🐝 Agent Swarm

Make AI collaborate like an elite consulting team

Emergent Roles · Cognitive Alignment · Skill Injection · Deliverable-Driven Output

English | 中文

Core Philosophy

Most multi-agent systems follow a "fixed job" paradigm — developers predefine roles and pipelines, and agents execute according to flowcharts. This approach hits three structural walls when facing open-ended complex tasks: role mismatch, stitched-together collaboration, and undeliverable output.

Agent Swarm takes a different approach: it borrows from how elite consulting firms run project-based teams. For every new task, the LLM analyzes from scratch what experts are needed, how to divide work, and how to collaborate — dynamically "emerging" the optimal team. When the task is done, the team dissolves and capabilities return to the pool.

This is not an engineering tweak, but a paradigm shift: from "predefined pipelines" to a "self-organizing expert hive".

Four Core Capabilities

1. Dynamic Role Emergence

Traditional frameworks require developers to predefine Agent(role="researcher") and similar fixed roles. Agent Swarm's Role Emergence Engine lets the LLM autonomously plan based on the task's nature:

User input: "Analyze the cinematography of In the Mood for Love"

→ Auto-emerged roles:
  🎬 Cinematography Analyst  — visual narrative language, composition, color
  📖 Narrative Architect     — storyline, temporal structure, negative space
  🎭 Visual Semiotician      — visual metaphors, cultural symbol interpretation
  🎵 Score Interpreter       — audiovisual relationship, music narrative function

Each emerged role is not just a name tag, but a complete expert profile with work objectives, expected deliverables, methodology, success criteria, and collaboration triggers. Whether the task is film analysis, ad campaign planning, or industry research, the system "assembles" the optimal expert team rather than "making do" with preset roles.

2. Relay Station Cognitive Alignment

Most concurrent approaches are "hands-off" — agents work in isolation, then results are piled together.
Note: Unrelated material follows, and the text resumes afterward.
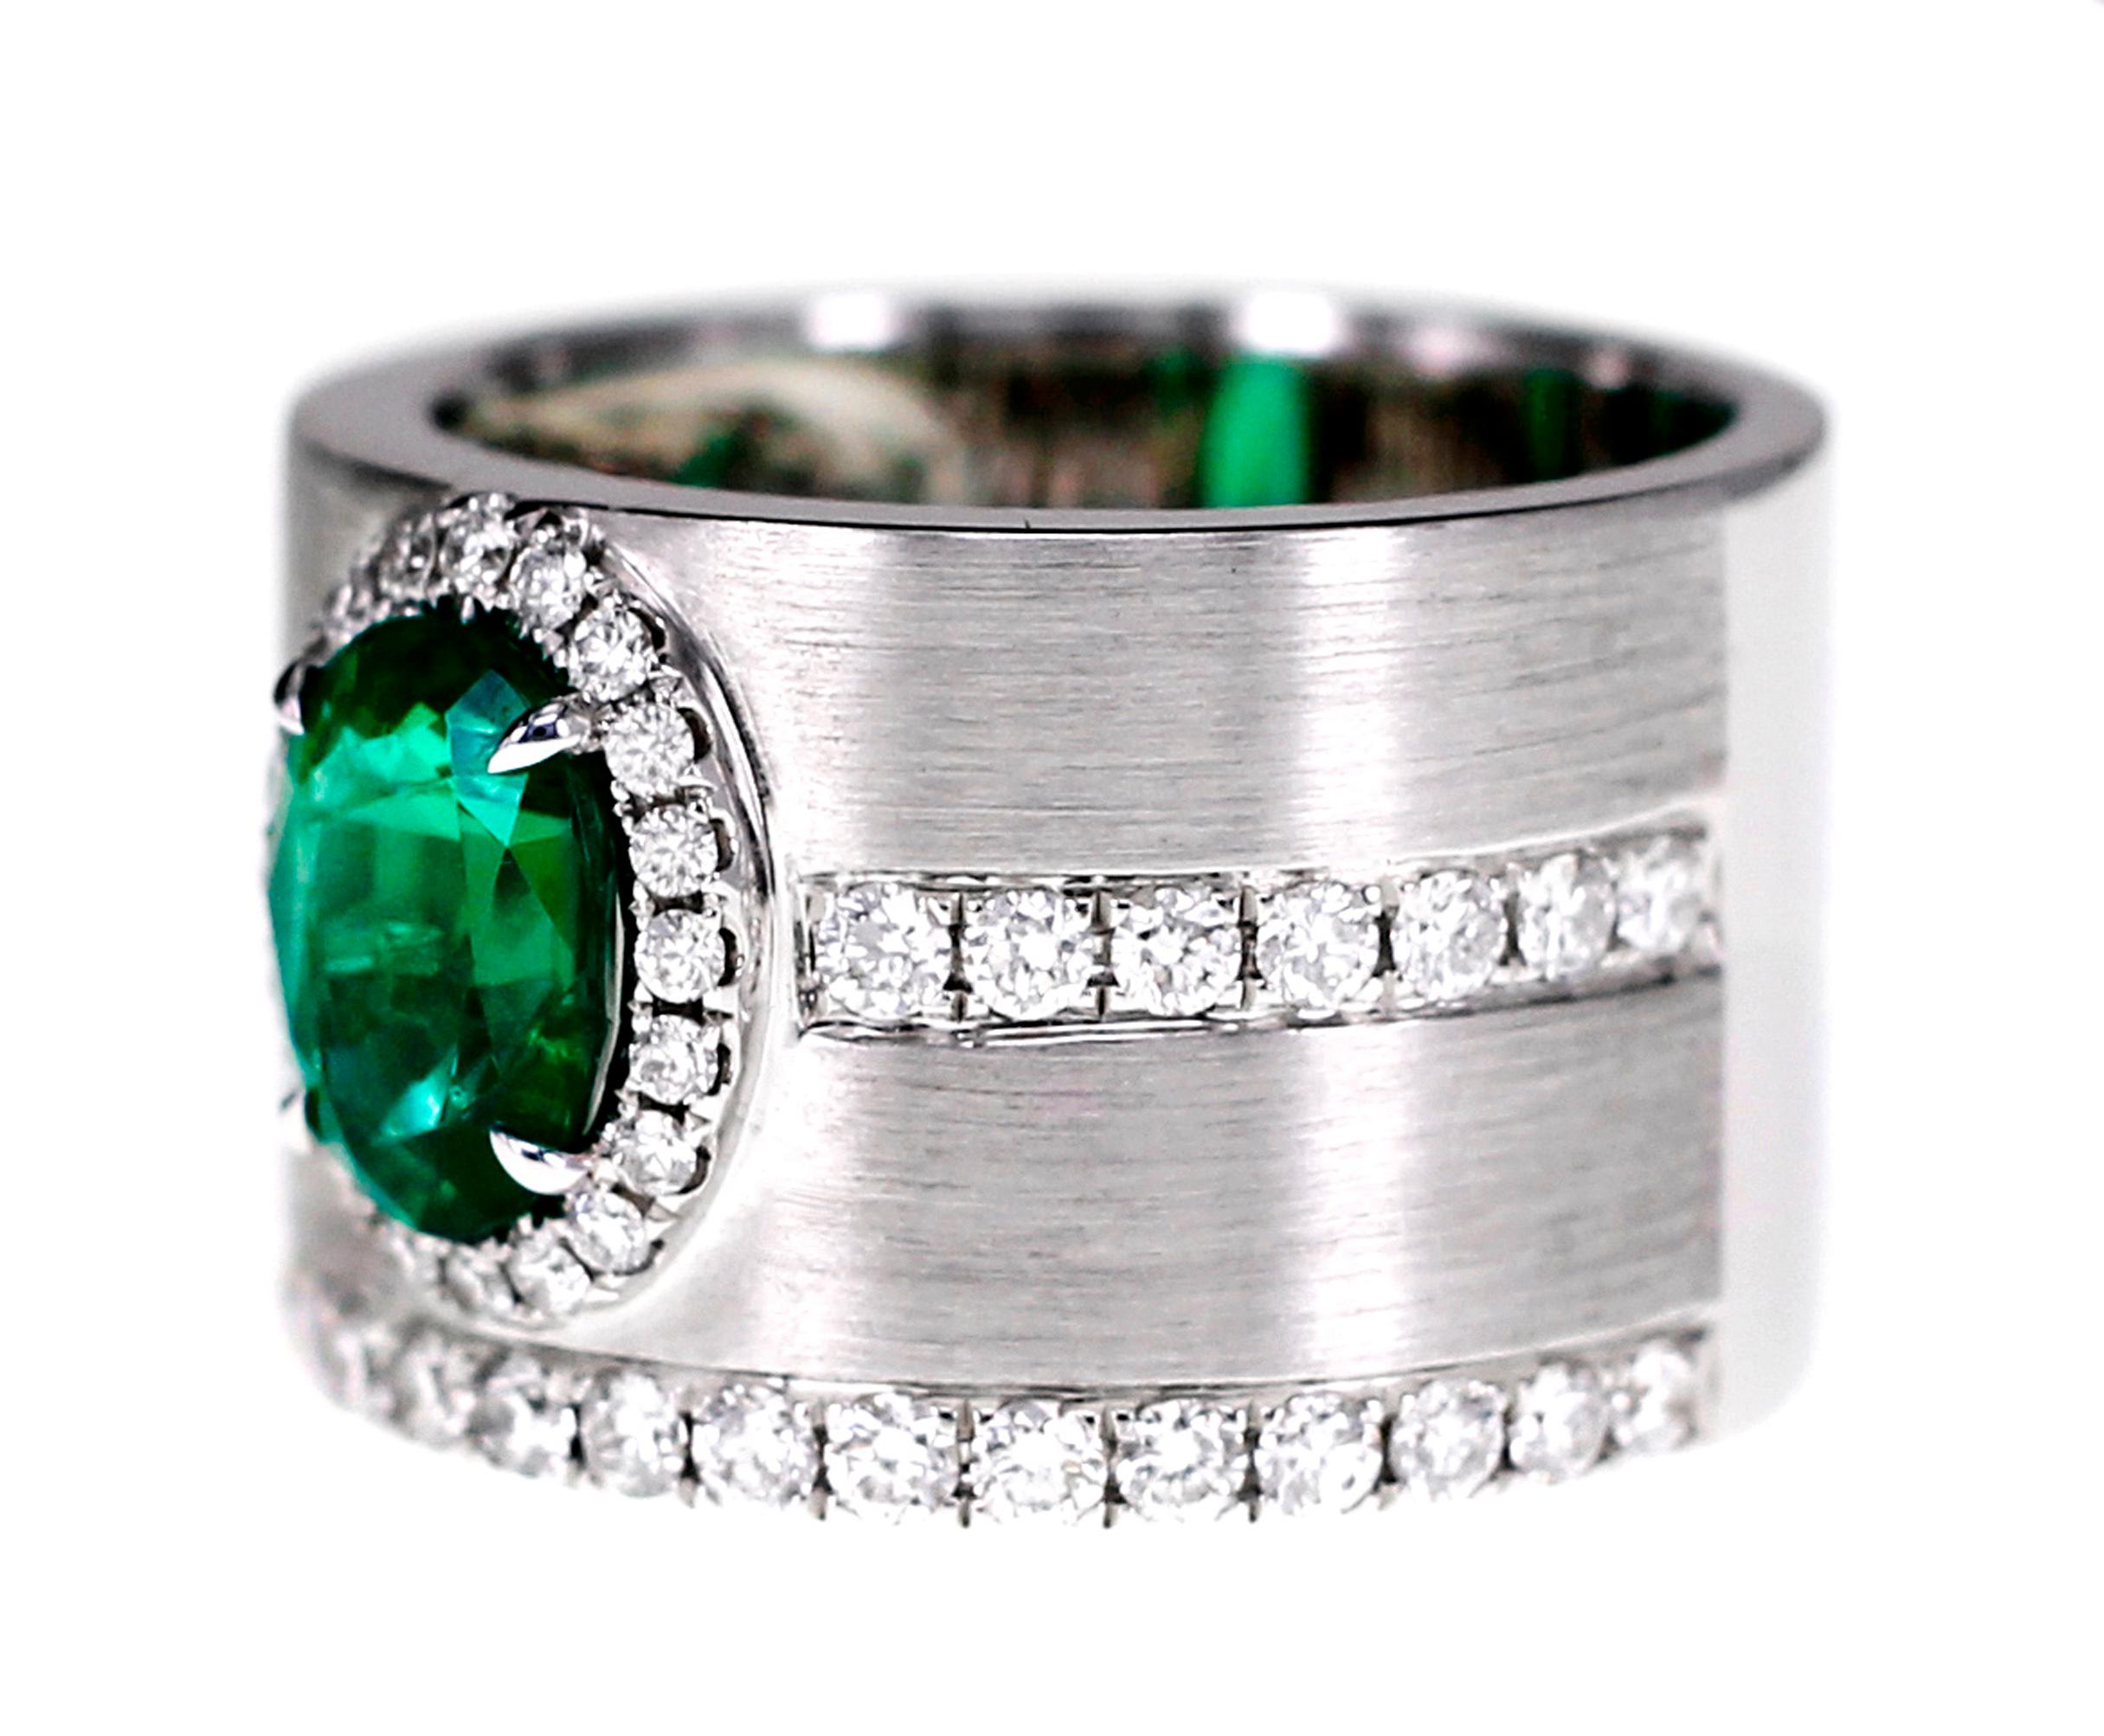 1.16 carat vivid green soothing emerald set in a Matt finish ring which can be feature in a hand made ring. Also the emerald is accompanied by 0.82 carats of white round brilliant cut diamond. The details of the diamond are as follows:
Color:

Agent Swarm introduces the Relay Station mechanism for real-time cognitive synchronization:

Traditional 2D Concurrency:           Agent Swarm 3D Orchestration:
                                            ┌──────────────┐
Agent A ──▶ Result A ─┐                     │ Relay Station │
Agent B ──▶ Result B ─┼─▶ Pile up     ┌────┤  (War Room)   ├────┐
Agent C ──▶ Result C ─┘              ↕    ↕               ↕    ↕
                                   Agent A  Agent B     Agent C
Isolated, unaware of each other    Real-time sharing, aligned cognition

The Relay Station supports 10 message types (discovery broadcast, alignment request/response, suggestion, checkpoint, human intervention, etc.). Agents use adaptive triggering to autonomously decide when to sync with others — broadcasting when critical information is found, seeking verification when uncertain, and synchronizing at progress milestones.

Users can initiate human intervention at any time, which is broadcast through the Relay Station to all relevant agents, immediately influencing the entire team's cognitive direction.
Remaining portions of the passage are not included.